Por lo tanto “es esencial que los fieles laicos, los comunicadores católicos, las universidades e instituciones educativas los colegios de profesionistas”, participen de manera “corresponsabilidad con el bien común”; puesto “una democracia se fortalece cuando los ciudadanos participan, no cuando callan”.

Los dirigentes de la CEM confían “en que las autoridades integrarán con transparencia las aportaciones recibidas”.

En cuanto a los comunicadores, los obispos mexicanos consideran que “quien lo hace con miedo, o al servicio de intereses ajenos a la verdad, la debilita”, al mismo tiempo que, como el Papa León XIV lo ha expresado su “solidaridad con los periodistas encarcelados por haber intentado contar la verdad” y pide que custodiemos “el bien precioso de la libertad de expresión y de prensa”, reconociendo “lo que cuesta en México ejercer” el periodismo.

En cuanto a “la autoridad y los concesionarios, la Conferencia del Episcopado Mexicano expresa su disposición al diálogo franco y constructivo, y pone a disposición su red educativa y pastoral para colaborar en programas de educación y alfabetización mediática, en la formación de audiencias críticas y en la difusión de los mecanismos de defensa de sus derechos”.

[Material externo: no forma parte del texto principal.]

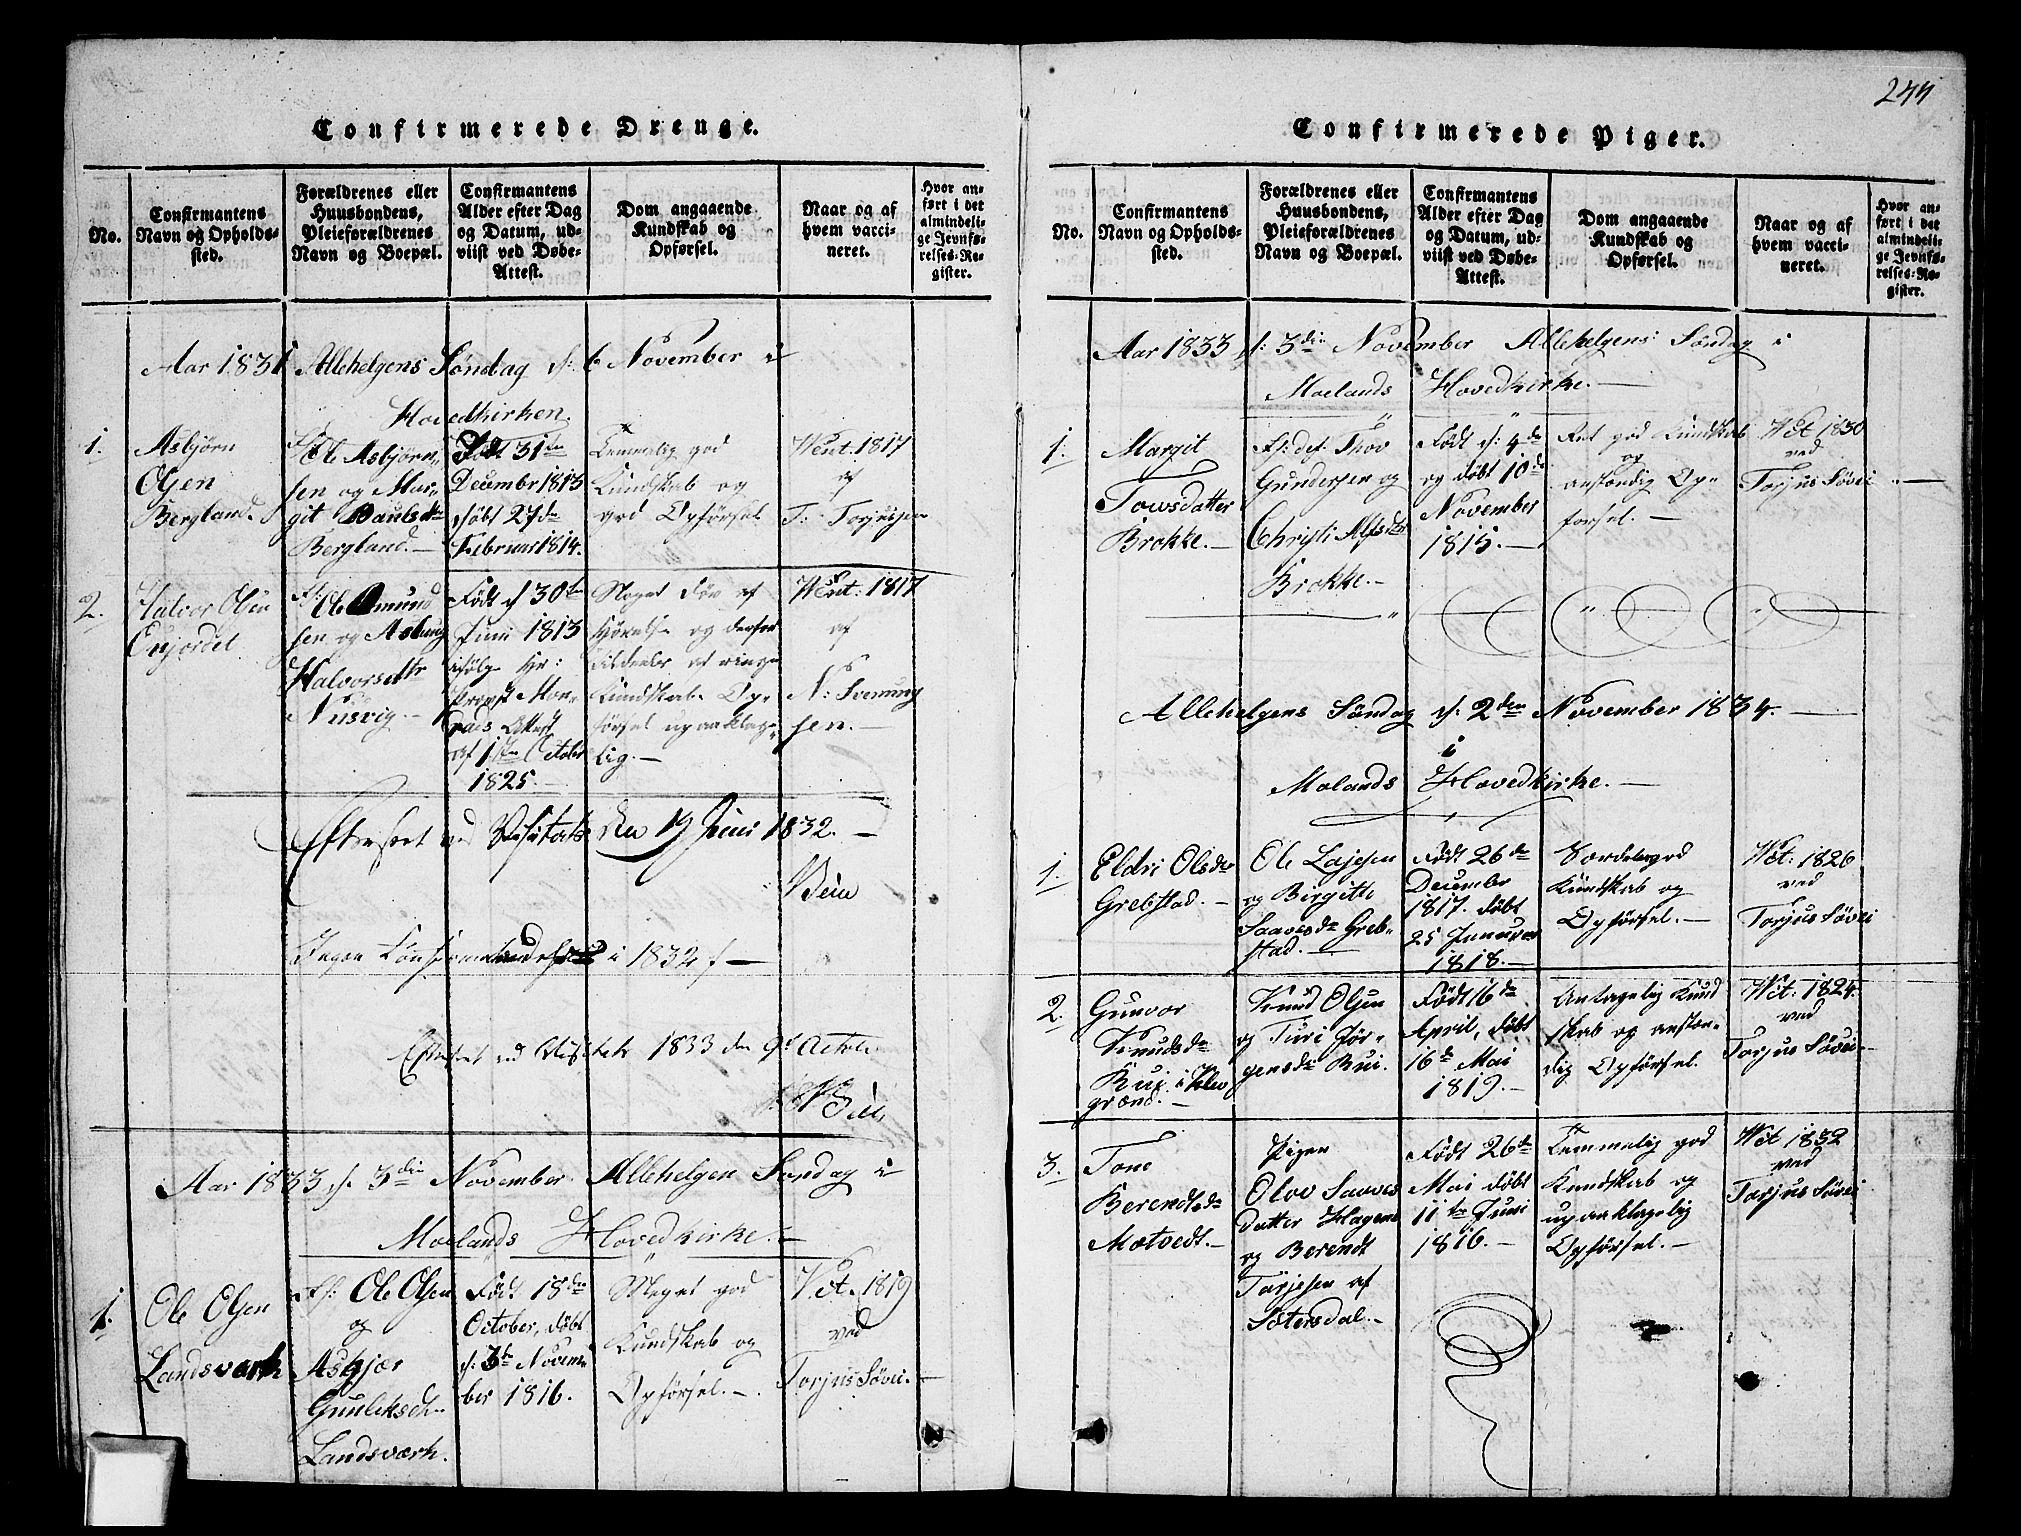 SAKO, Fyresdal kirkebøker, G/Ga/L0002: Klokkerbok nr. I 2, 1815-1857, s. 244

Puesto que “el derecho a la información veraz se garantiza tanto regulando la oferta como formando el discernimiento de quien la recibe” y a los laicos “deber de discernir lo que recibimos, de verificar antes de compartirlo y de no propagar aquello que hiere la fama del prójimo o siembra confusión”.

Y reafirman que “la verdad no se impone: se busca, se propone y se reconoce libremente” y el Estado no puede decidir que es verdad; el Estado debe limitarse “a garantizar las condiciones para que todos puedan buscarla y decirla, protege a la vez la libertad de expresión, la libertad religiosa y el derecho de las audiencias”.